Why?The children will have been using bi-lingual dictionaries to find words from English to the target language and for cross reference of words and will have been developing these skills throughout KS2. Now is the time to begin to share with the children the treasure trove of information about words that can be fond in a monolingual dictionary in the target language . they can make comparisons and see similarities between the mono lingual use of dictionaries in English communication and in foreign language communication.
Maybe we need to start here with a monolingual child friendly picture dictionary that is context driven.....
...... before jumping off at the deep end and looking at monolingual dictionaries for children. Just one between the class allows the chldren to make the step between games to practise dictionary skills and applying skills to a monolingual dictionary.
Introduce the children to mono- lingual dictionaries, sharing a visual from a mono lingual dictionary on the big class screen or whiteboard.

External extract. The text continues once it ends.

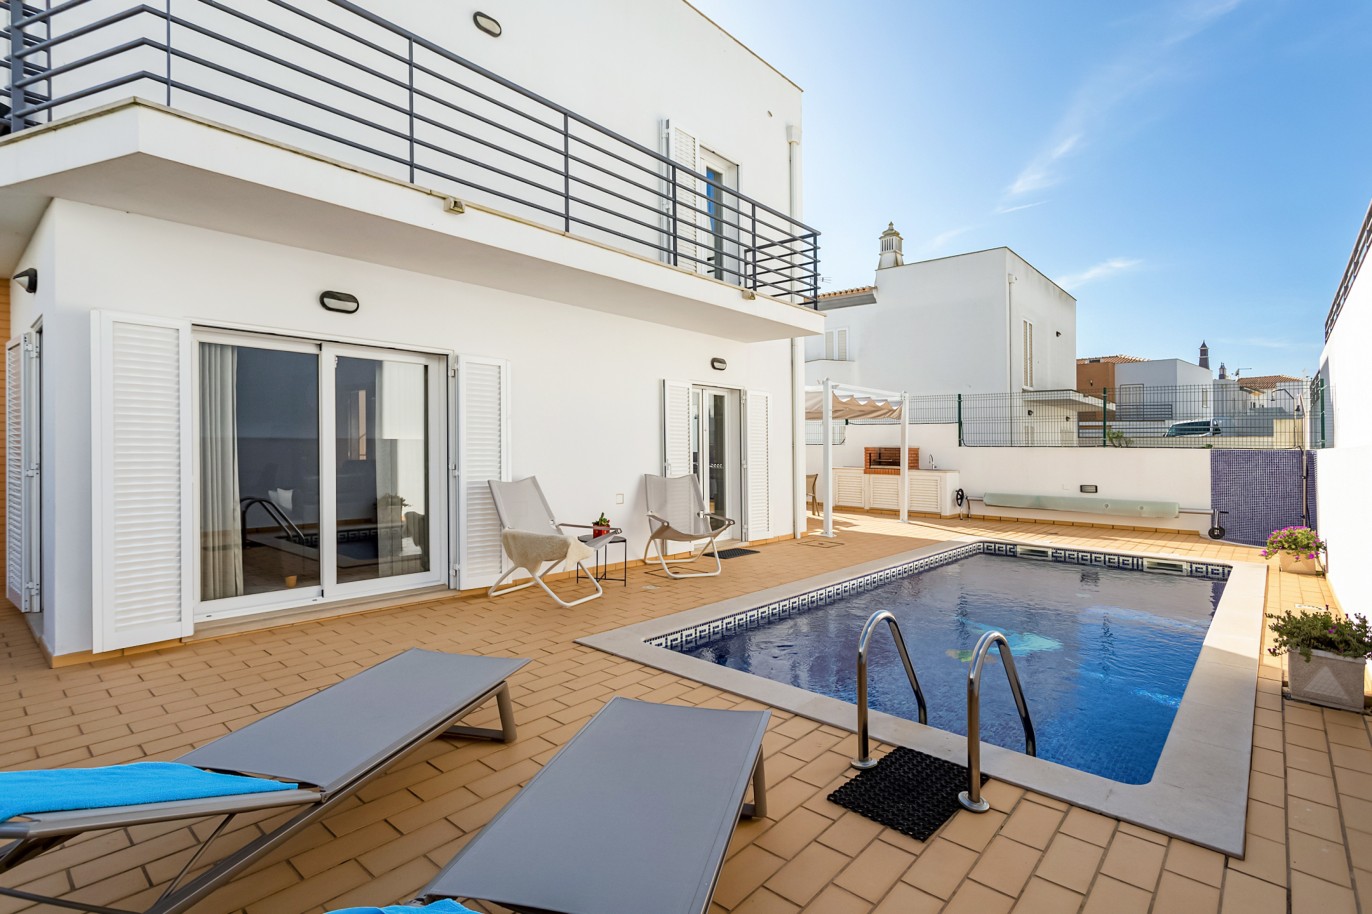 Moradia isolada V4 com piscina para venda em Albufeira, Algarve_214369

Can the children help you by becoming "word spotters!"(The children may also need access to some bilingual dictionaries to support them to understand all the words in the definition) Circle the word being defined, underline the words we immediately recognise in the definition, nominate a bilingual referee - that's a child who checks in a bilingual dictionary any key words we struggle to understand in the monolingual dictionary definition.
When the children are introduced as a whole class to the "class monolingual dictionary" which can be kept for reference alongside the other class dictionaries,again share by big screen or large copy a page .Go structure spotting. Identify and discuss other key points such as (plural in brackets) (gender and definite article)( how do we denote if the word is a noun/adjective or verb?).Keep a tally of how many verbs, nouns, adjectives you can see on the page.

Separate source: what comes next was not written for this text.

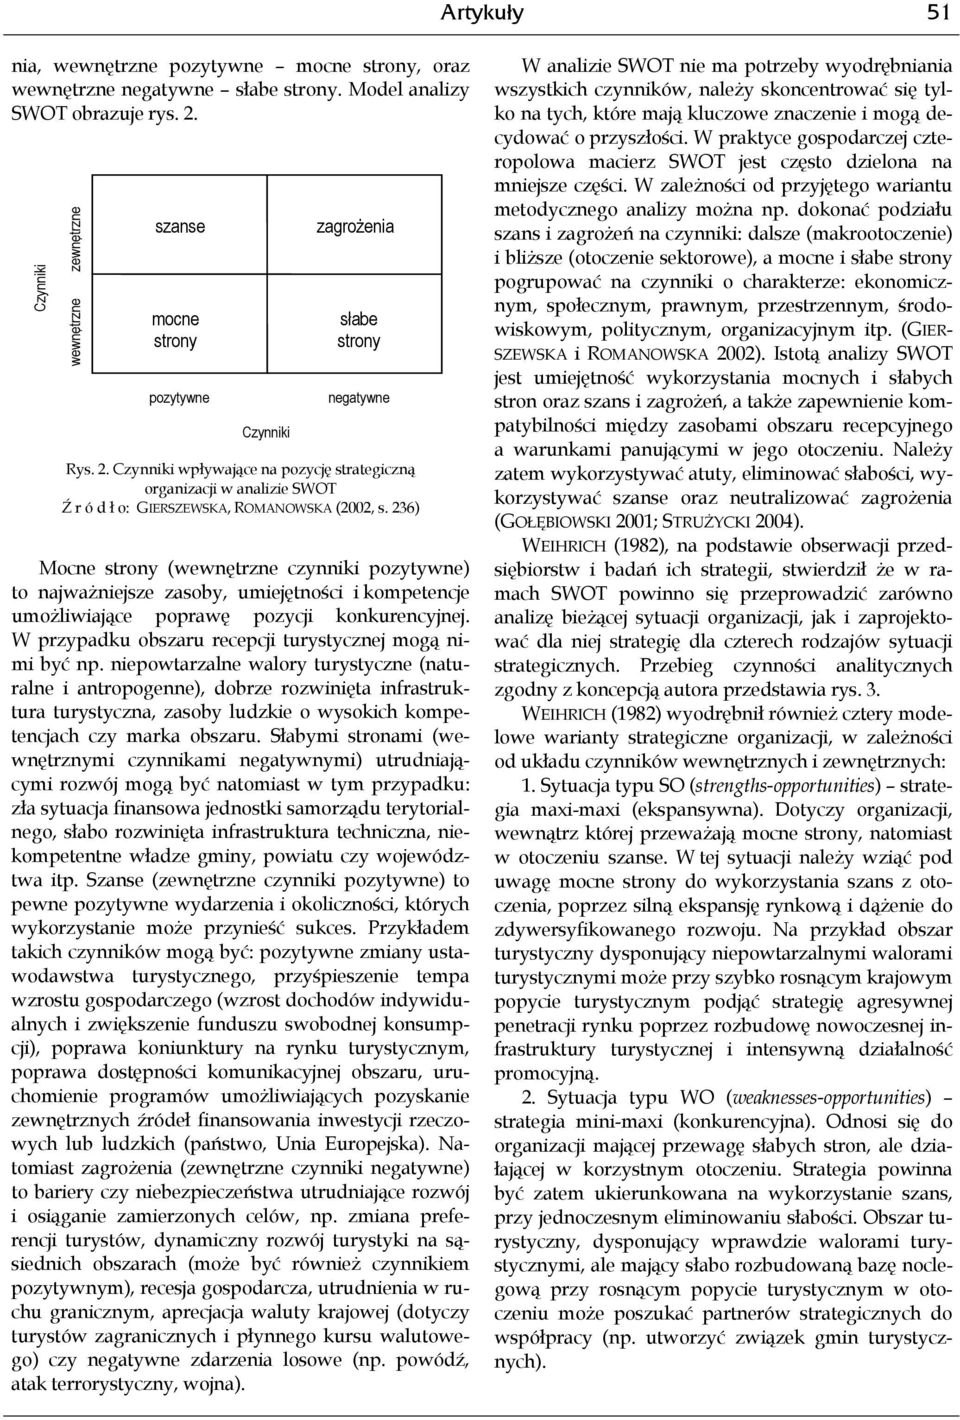 Czynniki wpływające na pozycję strategiczną organizacji w analizie SWOT Ź r ó d ł o: GIERSZEWSKA, ROMANOWSKA (2002, s.

Let's consolidate the skills and the specific format knowledge we now have ....
alphabetical ,
short precise definitions,
grammatical category identified
plural spelling shared
Allow them to write very simple sentences using language they have met through their language learning career so far.
Send them off to the monolingual dictionary in pairs or small groups in the reading corner.
They must return from their expeditions with completed word cards that they have written out clearly- that have on them the nouns or adjectives or verbs as they found them in the dictionary, plus a separate card with the definition written out in the target language.
Can they then share a spoken sentence or a sequence of sentences that contain their noun, verb and adjective?